Here is an example of the contents of the blast.csv file:

qseqid sseqid sgi qlen slen length qstart qend sstart send evalue bitscore pident nident sstrand
KX505501.1 Ref.B.FR.83.HXB2_LAI_IIIB_BRU.K03455.CfE 0 1997 9718 1751 1 1746 455 2202 0.0 2186 93.946 1645 plus
KX505501.1 Ref.B.FR.83.HXB2_LAI_IIIB_BRU.K03455.CfE 0 1997 9718 251 1747 1997 301 550 1.84e-85 312 93.625 235 plus

Field descriptions

  • qseqid - The identifier or name for the sequence (same as in the input FASTA file)
  • sseqid - Means subject Seq-id.
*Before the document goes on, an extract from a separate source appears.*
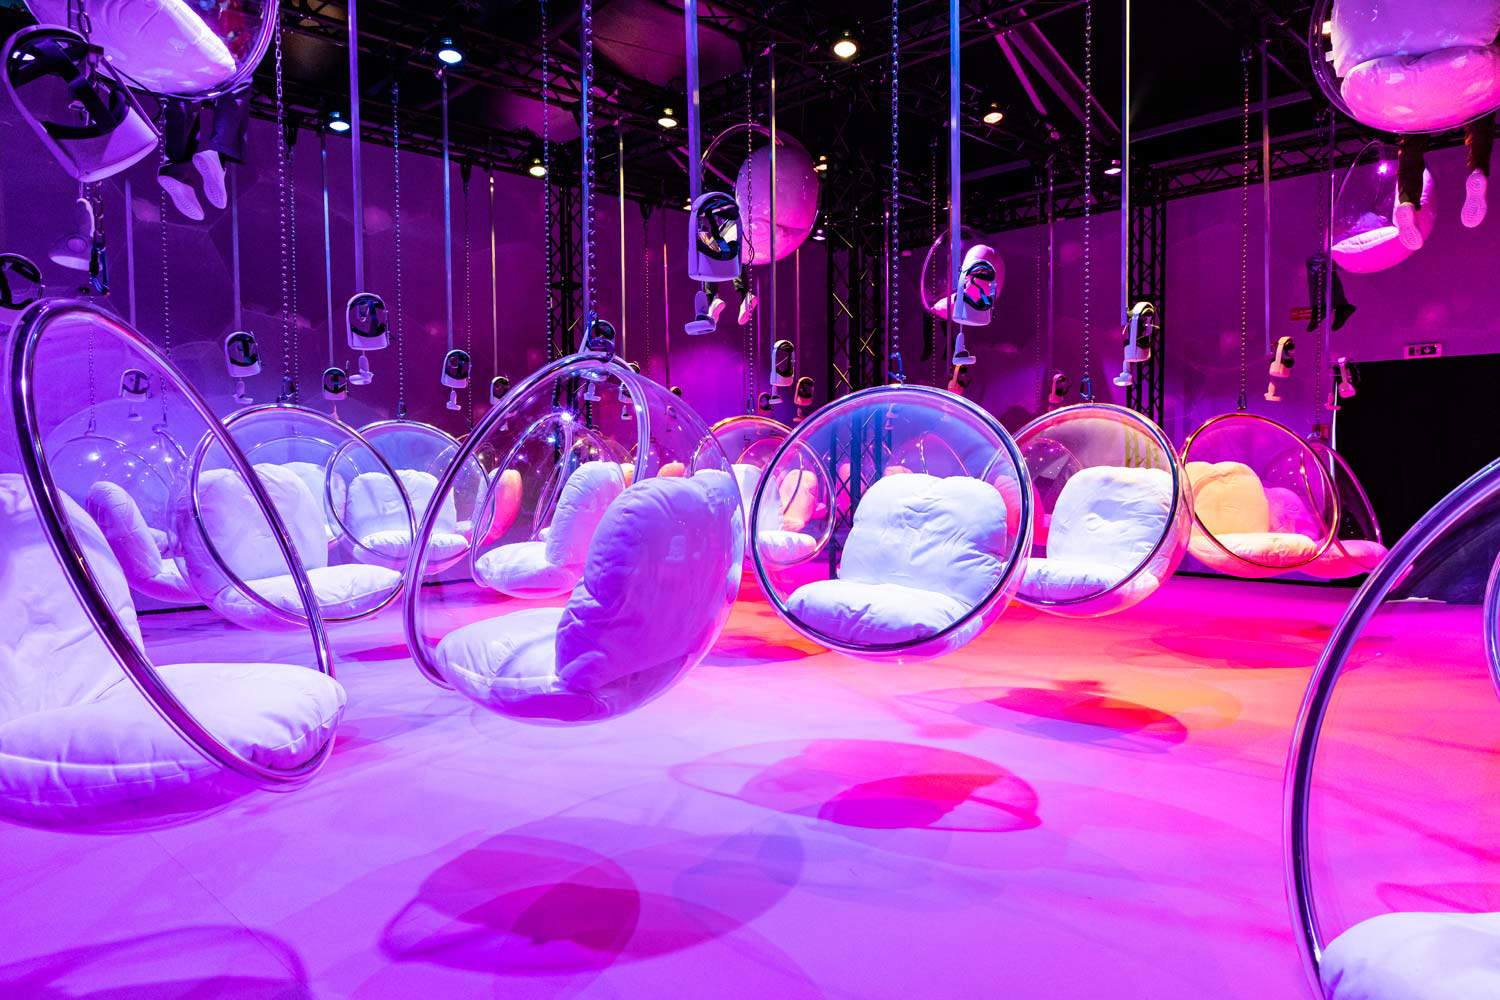 A Milano arriva la bubble experience: un'esperienza immersiva tutta a tema bolle

In our case, it’s the subtype’s sequence id and its the same as inferred_subtype of holistic.csv
  • sgi - Means subject GI
  • qlen - Length of the query sequence
  • slen - Means subject sequence length
  • length - Means alignment length
  • qstart - Means start of alignment in query
  • qend - Means end of alignment in query
  • sstart - Means start of alignment in subject
  • send - Means end of alignment in subject
  • evalue - Means expect value
  • bitscore - Means bit score
  • pident - Means percentage of identical matches
  • nident - Means number of identical matches
  • sstrand - Means subject strand

Consult BLASTn documentation for more details on these values.